Two masters degrees and I'm working with my hands...

...and it is satisfying.

Way back in 2006, I decided that I wanted to go to graduate school for archiving. I'd gotten a random internship at the National Archives Northeast Region facility in Waltham, MA, as the result of a class assignment to write a cover letter and resume for a job we'd like to have someday (story for another time, I promise). The more I look back on that decision, the more I realize I made it because I know I'm good at school, and I don't know if I'm good at working. (What? Stacking the deck in your favor is totally acceptable.) So I spent three more years in the realm of higher education, became as jaded with higher education as Jay-Z is with hos, and walked away with two masters degrees...right into an economy that had shit the bed.

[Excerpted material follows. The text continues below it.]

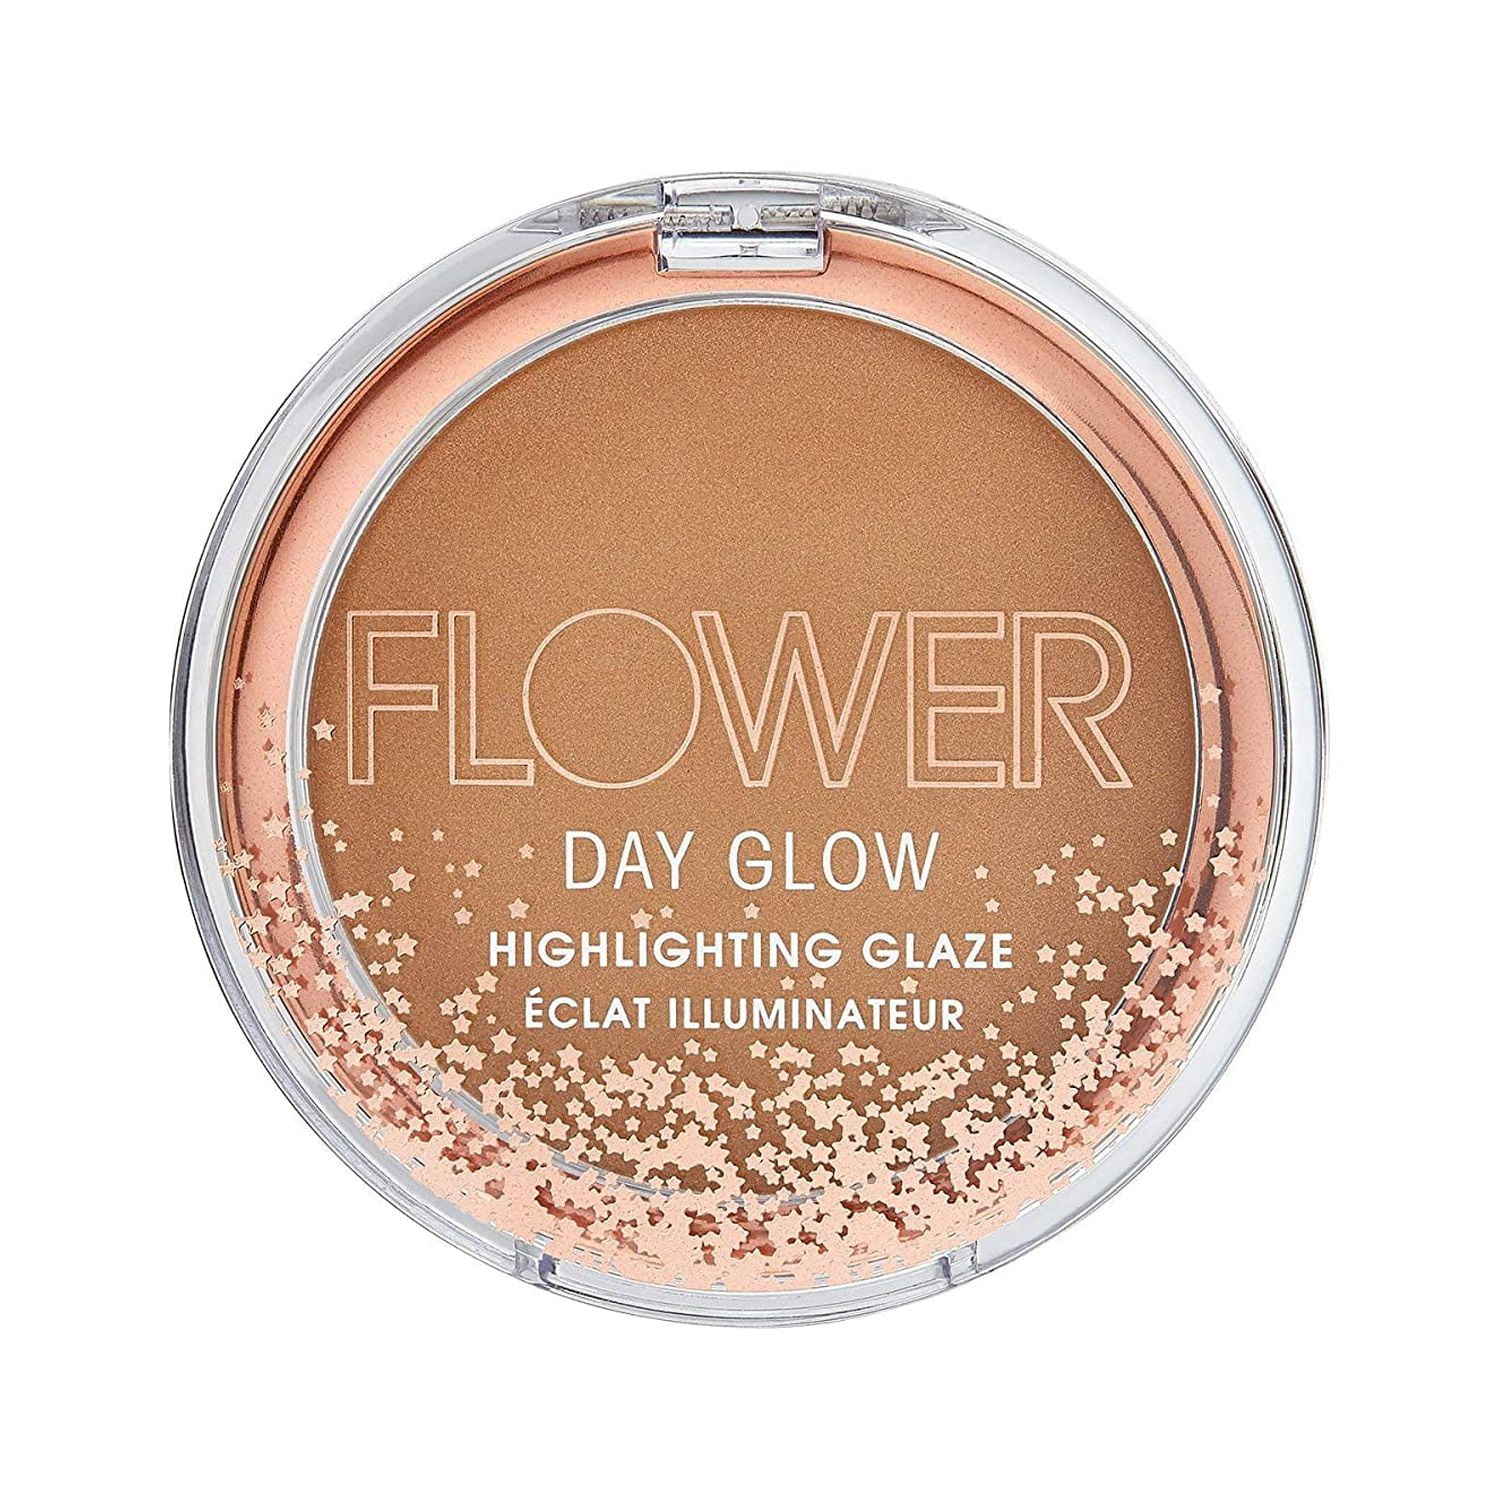 2 Pack Flower Beauty Day Glow Highlighting Glaze DG2 Ablaze

Guess what? Two masters degrees don't mean shit when you don't have much practical experience and the majority of your field is dependent on donations or public funding. Money vanishes real damn fast when donors are seeing their 401Ks shrivel up like grapes in the Arizona desert. I applied for archiving jobs for six months while working a paid internship as a technical writer (Hallelujah, recruiting software company that hired me for three months and kept me for over three years!).

When nothing came through, I took a job as a technical writer for a financial software company. I had been trained as an undergrad and spent three years in the field, so I figured I could handle the job. And, y'know, I like eating food and sleeping indoors, so those bills had to get paid somehow. My mistake. Apparently being clueless about the financial sector is a bad thing when you combine it with a manager who can't train you and an I'm-overwhelmed-so-I-no-longer-give-a-shit attitude. I was laid off/fired from my first real job ever after eight months. Cue four-month depression spiral as I ate through my savings and wondered what the hell was wrong with me.

Two months ago, Bossman got me a job as a server assembler at the company he works for. I was (and am) excited. The pay was half-decent, I could start saving again, and I was contributing to society again. But - and for most of my family and several people I care about this is a big-ass but - I'm "wasting" my education, because I'm working with my hands.

Fuck all y'all.

My Dad is one of the smartest men I know, and he has spent his life building everything from model ships to houses. But he and my mom keep telling me that this job is temporary. They (and the rest of my family, and a few friends) ask if I'm still looking for work. Because using power drills and box cutters and vise grips is clearly beneath someone with a couple extra pieces of paper.

But I like working with my hands. Assembling servers is a series of discrete tasks that are easily completed and checked for quality. The servers I build are (mostly) going to the American military, to help soldiers' spot threats before they become issues. And I even get to do a tiny bit of software configuration, which I enjoy. Plus Bossman is fun to work with. So what if I have two advanced degrees? They'll make dandy placemats when I get around to laminating them.